In North America, at the beginning of the 21st Century, we live in a consumer culture that argues against building family money. Media and marketers encourage you to spend what money you have and some that you don’t. The government conspires with this effort in two ways. First, it promises to take care of you in your old age if you’re broke when you get there; second, it discourages family wealth by taxing any money you have left to leave others when you die. There are ways to get around these problems. And, despite Hollywood’s versions, most lawyers and accountants deal at least in some capacity with this getting around.

One big reason lawyers are often obscure about what they do for a living isn’t that they’re afraid of lawyer jokes; it’s that they don’t want to spend a whole cocktail party answering arcane questions about wills and probate court. This book will deal with that hard stuff: technical matters about wills, living trusts, tax issues and powers of attorney.
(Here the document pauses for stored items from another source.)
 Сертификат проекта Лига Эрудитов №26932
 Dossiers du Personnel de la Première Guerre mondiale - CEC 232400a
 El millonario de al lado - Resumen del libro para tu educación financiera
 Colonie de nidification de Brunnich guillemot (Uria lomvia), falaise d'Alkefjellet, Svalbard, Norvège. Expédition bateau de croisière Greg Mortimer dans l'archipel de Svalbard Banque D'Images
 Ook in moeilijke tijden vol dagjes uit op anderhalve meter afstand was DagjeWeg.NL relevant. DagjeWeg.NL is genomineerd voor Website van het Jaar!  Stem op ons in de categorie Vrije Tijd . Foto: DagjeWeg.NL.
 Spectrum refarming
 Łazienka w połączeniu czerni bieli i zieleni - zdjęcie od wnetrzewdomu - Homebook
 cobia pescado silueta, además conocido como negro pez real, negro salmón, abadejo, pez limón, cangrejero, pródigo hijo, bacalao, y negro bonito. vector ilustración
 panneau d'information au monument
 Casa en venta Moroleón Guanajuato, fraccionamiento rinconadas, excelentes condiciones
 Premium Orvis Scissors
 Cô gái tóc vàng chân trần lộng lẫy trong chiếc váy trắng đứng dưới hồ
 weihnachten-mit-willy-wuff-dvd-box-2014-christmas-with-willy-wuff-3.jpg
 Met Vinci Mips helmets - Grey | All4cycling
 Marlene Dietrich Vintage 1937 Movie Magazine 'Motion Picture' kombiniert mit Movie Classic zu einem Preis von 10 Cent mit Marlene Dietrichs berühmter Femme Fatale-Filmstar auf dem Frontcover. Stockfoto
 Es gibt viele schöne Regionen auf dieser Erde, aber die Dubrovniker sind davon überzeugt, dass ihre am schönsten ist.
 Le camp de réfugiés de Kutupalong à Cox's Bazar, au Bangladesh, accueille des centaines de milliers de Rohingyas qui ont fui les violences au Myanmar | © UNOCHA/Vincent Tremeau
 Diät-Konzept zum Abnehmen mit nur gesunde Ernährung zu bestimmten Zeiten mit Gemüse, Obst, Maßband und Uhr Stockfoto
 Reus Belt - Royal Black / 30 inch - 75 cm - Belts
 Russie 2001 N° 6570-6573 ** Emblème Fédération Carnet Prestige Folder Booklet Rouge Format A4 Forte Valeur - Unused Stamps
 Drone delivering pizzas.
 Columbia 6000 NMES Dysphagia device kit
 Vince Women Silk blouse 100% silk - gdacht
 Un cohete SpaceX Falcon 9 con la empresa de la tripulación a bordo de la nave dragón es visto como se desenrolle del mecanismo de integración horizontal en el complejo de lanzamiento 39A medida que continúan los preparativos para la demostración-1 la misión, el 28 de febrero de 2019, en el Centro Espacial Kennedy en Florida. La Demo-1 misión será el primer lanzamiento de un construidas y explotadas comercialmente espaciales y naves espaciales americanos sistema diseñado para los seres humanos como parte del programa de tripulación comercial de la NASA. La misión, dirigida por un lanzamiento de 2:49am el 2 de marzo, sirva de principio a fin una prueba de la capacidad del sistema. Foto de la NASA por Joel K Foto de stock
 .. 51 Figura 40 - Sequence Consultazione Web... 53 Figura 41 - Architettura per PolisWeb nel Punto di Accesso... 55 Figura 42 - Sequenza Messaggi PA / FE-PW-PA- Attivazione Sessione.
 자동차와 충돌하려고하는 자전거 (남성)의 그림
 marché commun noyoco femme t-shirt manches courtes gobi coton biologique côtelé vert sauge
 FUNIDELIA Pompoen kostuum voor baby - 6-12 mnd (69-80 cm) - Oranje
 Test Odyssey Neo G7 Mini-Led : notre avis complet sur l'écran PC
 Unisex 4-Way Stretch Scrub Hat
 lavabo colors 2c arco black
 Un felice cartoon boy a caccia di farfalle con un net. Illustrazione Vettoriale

But, before we get into the details of whether you’re better off putting shares of the family business into a generation-skipping or charitable remainder trust, you need to ask yourself some more basic questions. These questions will get to the core of what constitutes your family by blood, law or spirit. If it works right, this process leads you to an understanding of yourself and the people closest to you. And this understanding helps you make the appropriate decisions for handling the financial assets you accumulate by inheritance, luck or hard work. Of course, there are complexities in every family. Some families bring their own problems members who make bad decisions, members who don’t get along. Other families have external problems weak or non-existent standing under the law...outright conflicts with social convention. And, more complex still, the size and shape of families change over time. Children are born, people die, relationships break apart. So, any definition of “family” has to be a multivariable proposition.